You can see more than 15 digits of the binary representation of numbers
in Excel by using the VBA functions that I posted at
http://groups.google.com/group/micro...fb95785d1eaff5
But you can easily predict the magnitude of approximation without going
to such lengths. Just think in terms of the documented 15 figure limit.
Your problem is then
4.03000000000000???
-4.10000000000000???
--------------------
-0.07000000000000???
vs. the calculated result of
0.000000000000000610622663543836

Also, remember that this is not an Excel issue, rather it is a finite
mathematics issue compounded by approximations necessary in
decimal/binary conversions. Excel follows the IEEE standard for
internal representation of numbers, and so is no more or less accurate
than almost all general purpose software.

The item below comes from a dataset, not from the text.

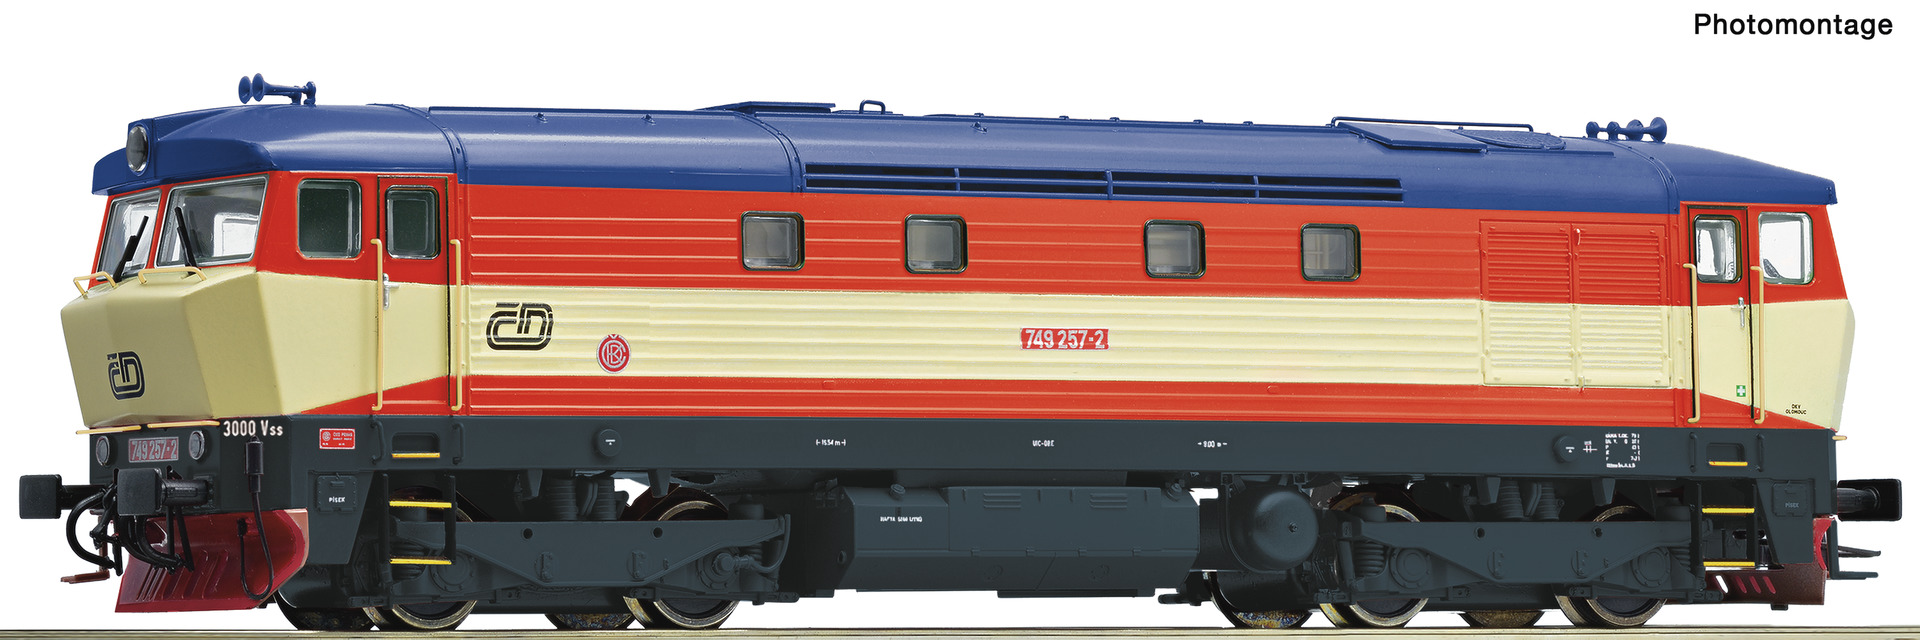 Roco 7300008  Diesel locomotive 749 257-2, CD

I know its a lot to take in at once, between this and your array formula
thread, but it will pay off in the long run.

Cheers,
Jerry

wrote:

Hi Jerry,

Extended precision packages like xlPrecision also do not solve the problem, they just push it farther out (though they do have their uses).

This is true of some extended precision packages, but not true of
xlPrecision. xlPrecision never converts anything to binary.


Refer back to my decimal example. The basic issue is that some
calculations simply cannot be performed exactly in a numeric system that
has less than infinite precision. Decimal/binary conversions merely
extend that issue to numbers where we might not expect to see it.

Jerry

Hi Fred --

I understand the reason why decimals will not always convert perfectly
to binary, but the similar problem that I kept running into (primarily
using Lotus 1-2-3 Ver 1A -- I've only recently had to start working in
Excel, and so far have had only one occasion to do a work-around in
that program) is that I would get floating point errors when adding
WHOLE NUMBERS that mathematically should sum to zero. Surely whole
numbers should convert perfectly to binary. I frequently needed to
test whether a sum equaled zero, but the best fix I could come up with
was "if(abs([formula])0.001,[do A],[do B]).

Why adding and subtracting whole numbers would yield these same 15th
decimal place discrepancies is completely beyond my comprehension.